SUPPLIED MATERIAL
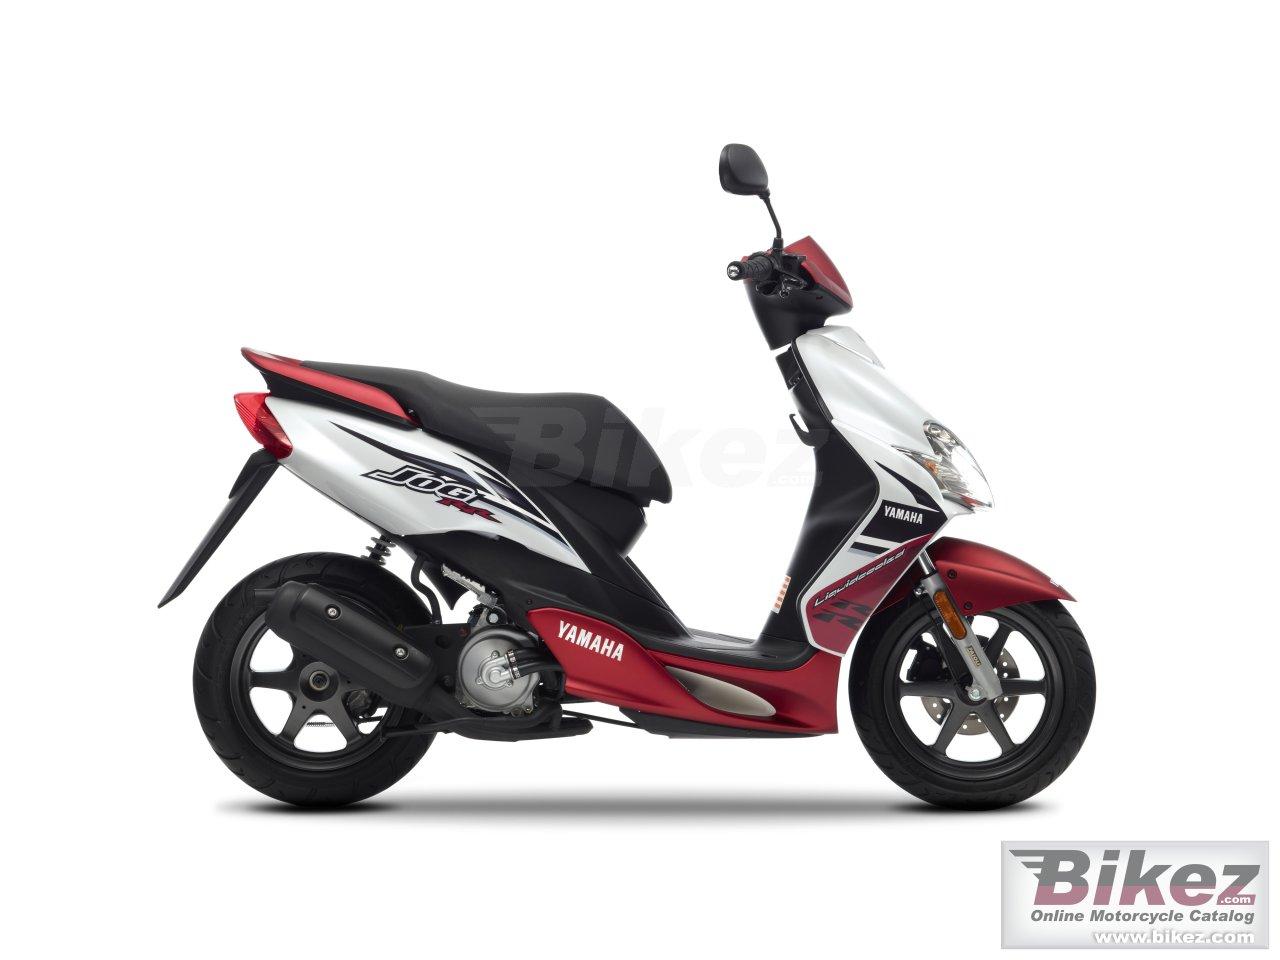 Yamaha jog r 2009 #3 - size 800
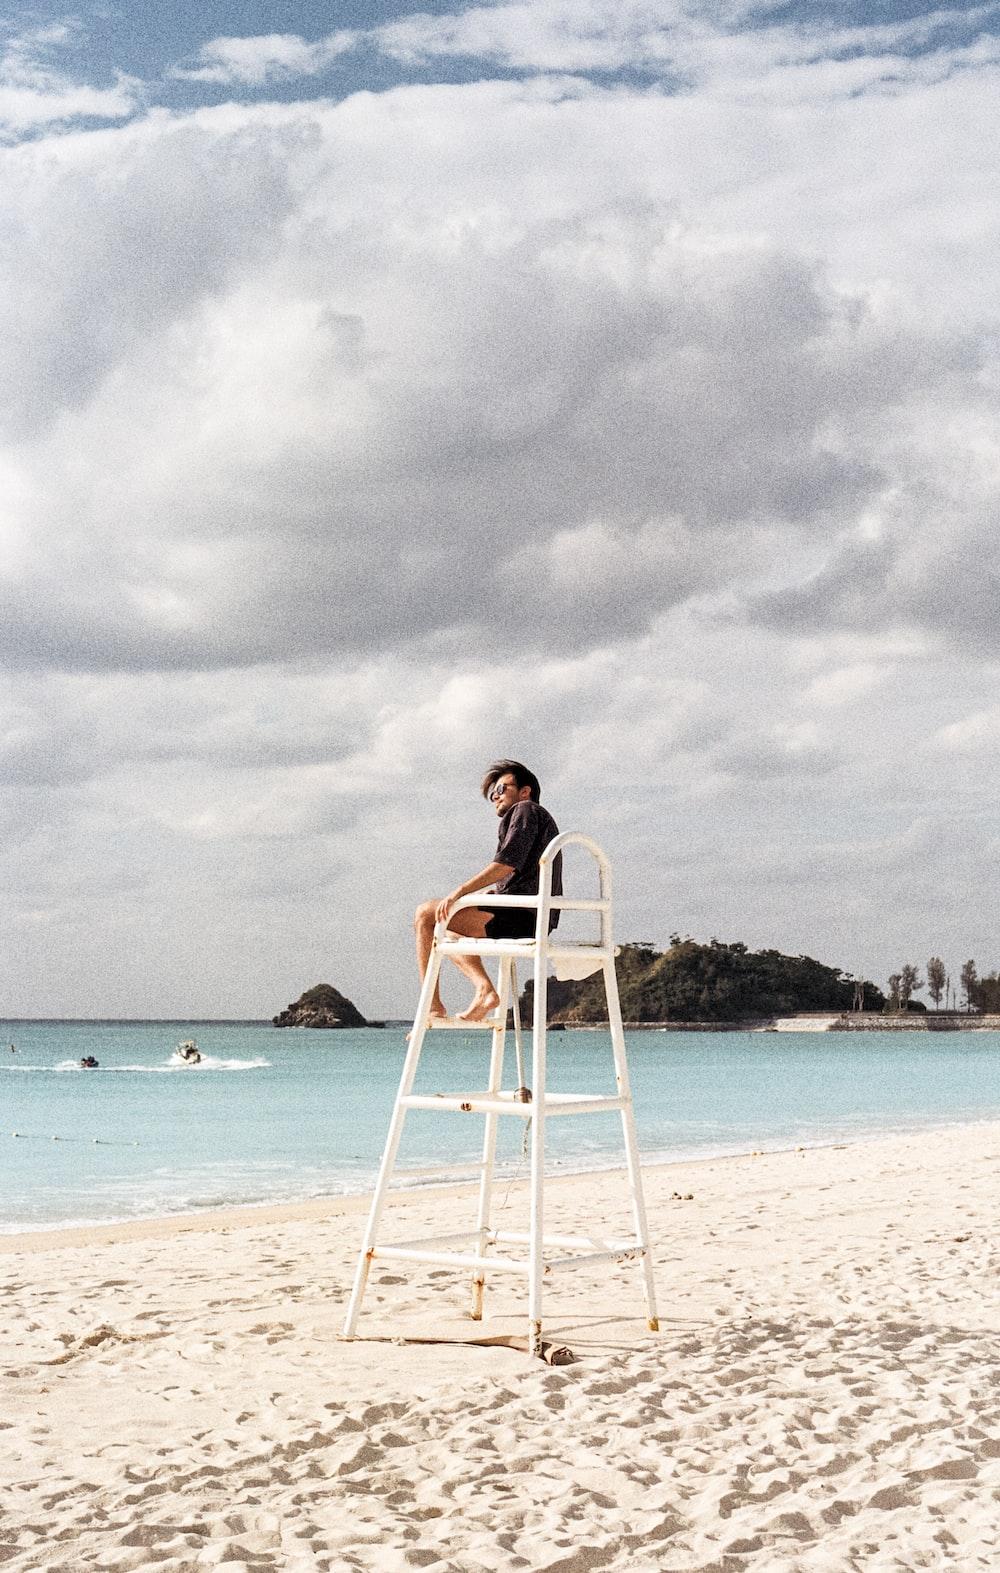 man sitting on lifeguard's chair
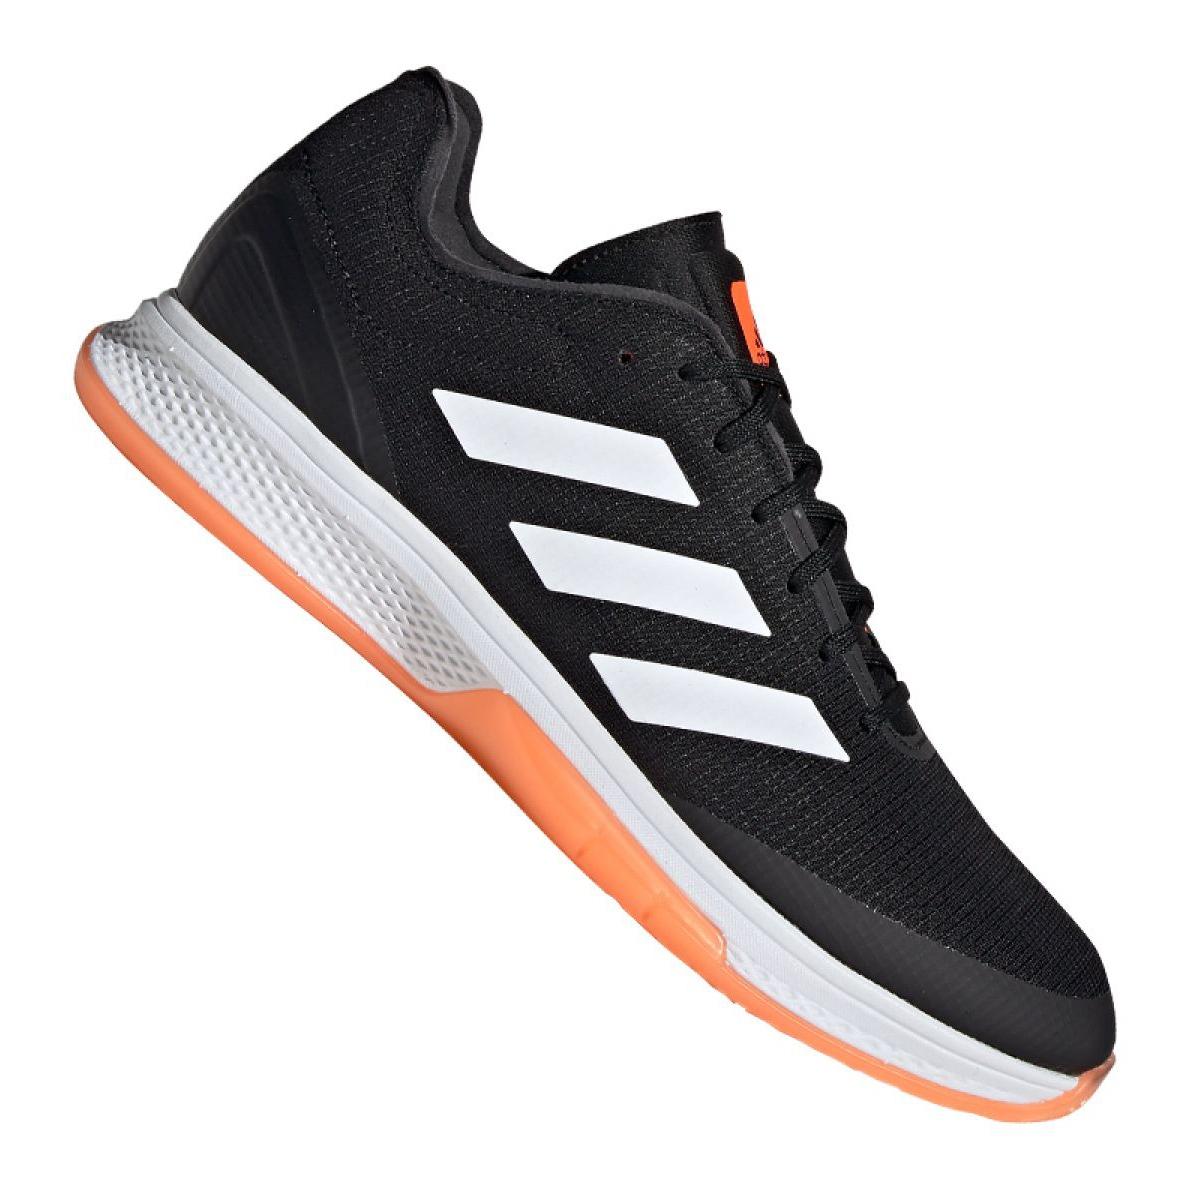 Adidas Counterblast Bounce M G26423

EXERCISE GOAL
Excluding the images, copy all of the material above verbatim.

EXPECTED ANSWER
 Yamaha jog r 2009 #3 - size 800
 man sitting on lifeguard's chair
 Adidas Counterblast Bounce M G26423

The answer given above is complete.